Nikon Coolscan V and Kodachrome

In conjunction with the telecine project (updates soon!), I purchased a Nikon Coolscan V, also known as the Nikon LS-50, to scan in my Grandfather’s 35mm Kodachrome slides from the early 1950s. The Coolscan V is appealing for its 4000 dpi optical resolution and a fourth version Digital ICE automatic dust removal. However, Digital ICE does not work with all films.

Kodachrome slide from 1952

Kodachrome slide from 1952 with Digital ICE

ASF’s, now Kodak’s, Digital ICE performs automatic dust and scratch removal – the ICE being short for “Image Correction and Enhancement.” It works by scanning a fourth, infrared, color layer in addition to the conventional red, green, and blue layers that is used to create a dust mask which is later subtracted from the scan. The infrared light is expected to pass through the film emulsion but not through dust. So why doesn’t it work with all films? It turns out that black and white film uses silver nitrate for the emulsion layer, and silver nitrate also blocks infrared light, rendering Digital ICE useless. So now you’re probably asking, “So what does all this have to do with Kodachrome? It’s color!”

Kodachrome is not a normal color film and shares more in common with black and white film than color negatives or the typical color reversal (positive) film. This is easily illustrated by looking at a Kodachrome emulsion which has a 3D appearance – these are the color layers in the film, and each color layer is very similar to traditional black and white film. In fact, Kodachrome starts out as black and white only to slowly become color during its long and convoluted development process. These days Kodachrome can no longer be developed as color film because the chemicals necessary for development are long out of production. Owing to its similarity to black and white film, old, undeveloped Kodachrome can still be developed in black and white!

So how does the Coolscan V’s implementation of Digital ICE work with Kodachrome? The answer is “it sort of does.” The Coolscan V does a good job with removing dust and an alright job removing defects from a slide. That’s where the good ends – Digital ICE detects strong contrast areas as defects and tries to remove them, leading to blurry images with noticeable defects at 100% crop. Where real defects, like scratches, exist, a mark is often left on the image although it is significantly less noticeable than an uncorrected scan. Furthermore, I have noticed instances where defects are seemingly introduced to the scan.

100% crop with Digital ICE

100% crop with Digital ICE

Pay particular attention to the orange handle and the sailors’ faces. ICE detects these fine details as defects and completely mangles the image. I think the Coolscan V still manages to extract more detail with ICE enabled than my Epson V330 flatbed does without ICE.

100% crop without Digital ICE

100% crop without Digital ICE

Digital ICE reduces images sharpness when fully enabled, even when used properly with color negatives. This side effect is worsened with Kodachrome – even at web sizes, the loss of sharpness is clearly apparent.

With and without ICE

ICE (Fine) on the left, without ICE on the right. Scanned using the “Positive” setting, not Kodachrome.

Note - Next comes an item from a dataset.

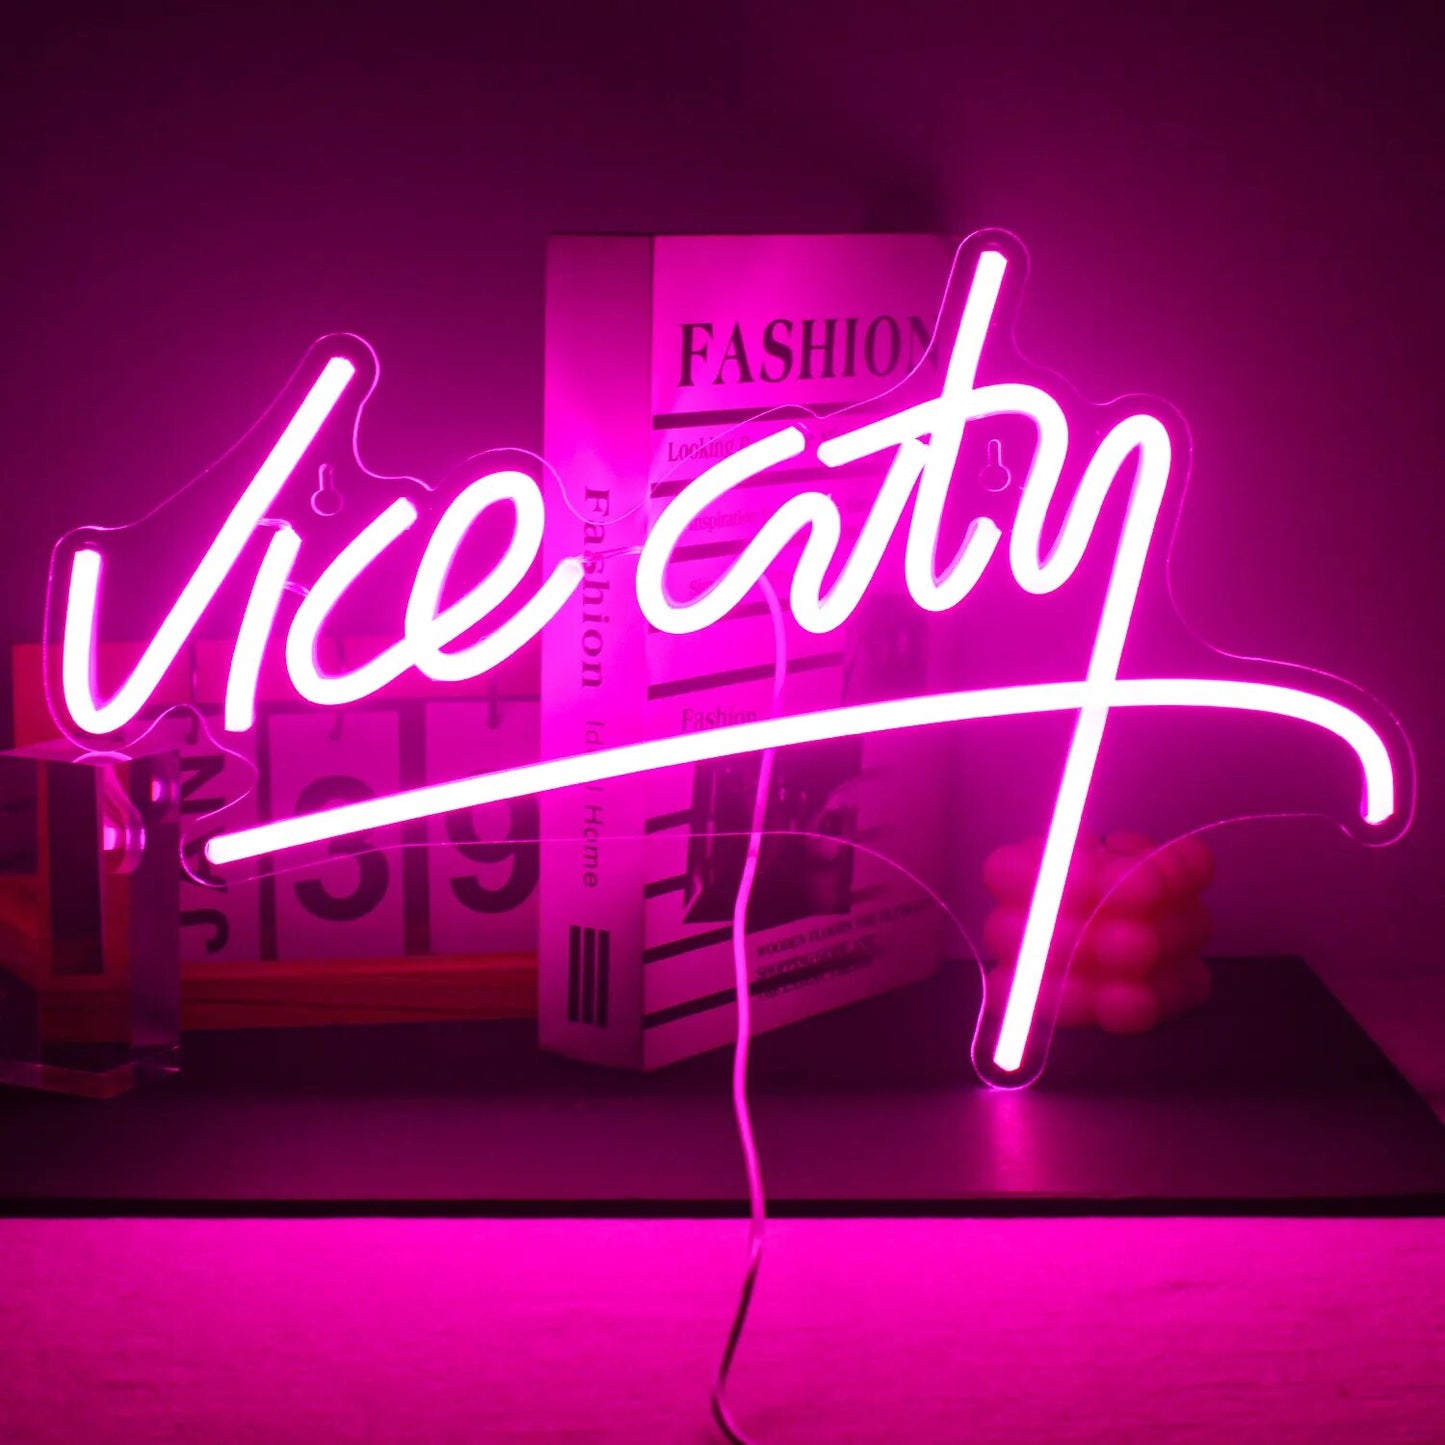 Wanxing Vice City Neon Sign Pink Led Lights Bedroom Letters Game Room Bar Party Indoor Home Arcade Shop Cave Art Wall Decoration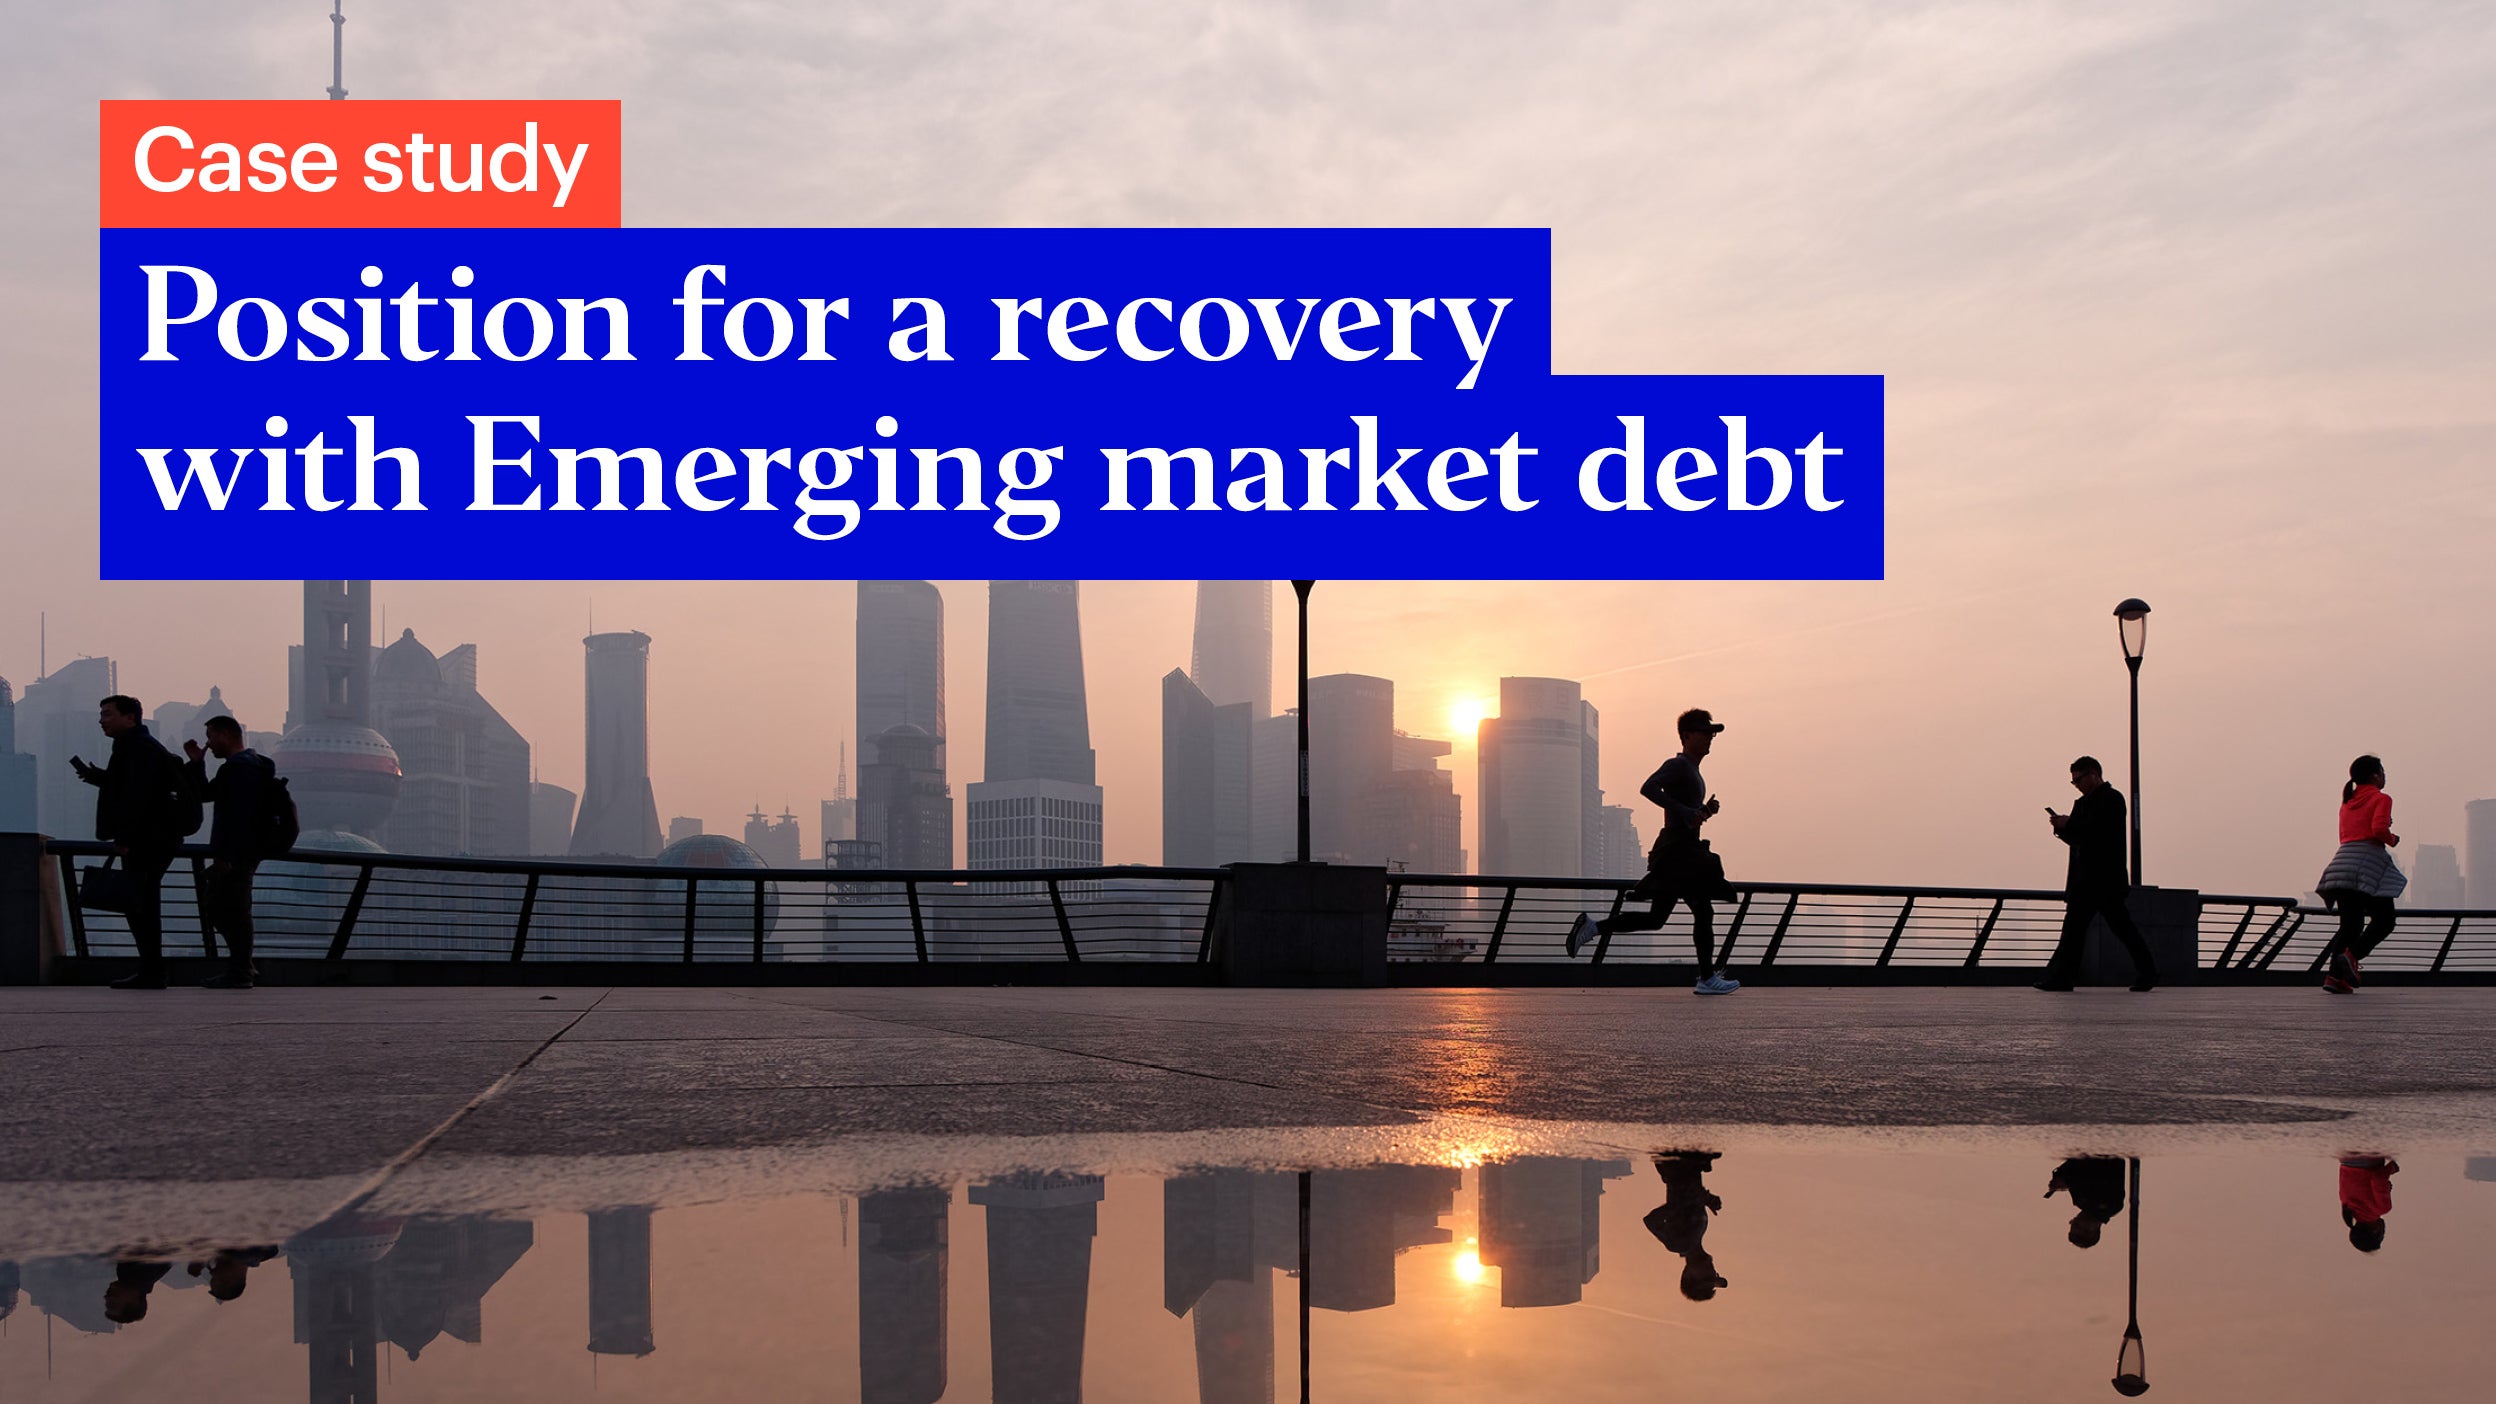 Why consider investing in emerging market local debt?

Even with the Coolscan V’s more advanced fourth version of Digital ICE, it is clear that Kodachrome does not play well. Home users will likely be happy with the results, but a professional will not. There is exactly one scanner on the market that can properly remove dust and scratches from Kodachrome, and that is the Nikon Super Coolscan 9000. I will continue to leave Digital ICE enabled since the corrected, dust free slides look much better than sharp and dusty slides to my eyes.


  • mystixa

    I know .. old article. I am currently doing the same with similarly aged slides from the 50s. Ive been ramping up my understanding of the differences between kodachrome and the other types of film. It is fortunate and unfortunate that the bulk of the slides are in kodachrome. Fortunate in that the color seems to have lasted much better then even the newer slides done in other brands. The bad is of course the troubles with sharpness and dust as you show here. It got to the point that I was even questioning my eyesight after a while, so I’m very glad for your clear examples.

    Im also using a coolscan 5.

    I have a bit of a middleground. I scan and save a raw file of the scan along with a processed version. For the larger fields where sharpness is not an issue like the sky, I use the ice’d scan. Dust and defects are more noticeable in these areas anyway. Where the details are I use the raw version, with some manual editing where necessary. This seems to be a good balance between time and detail.

    • Cyrix2k

      Thanks for sharing! As you said, I appreciate that Kodachrome preserves so well but digitizing it is a labor of love.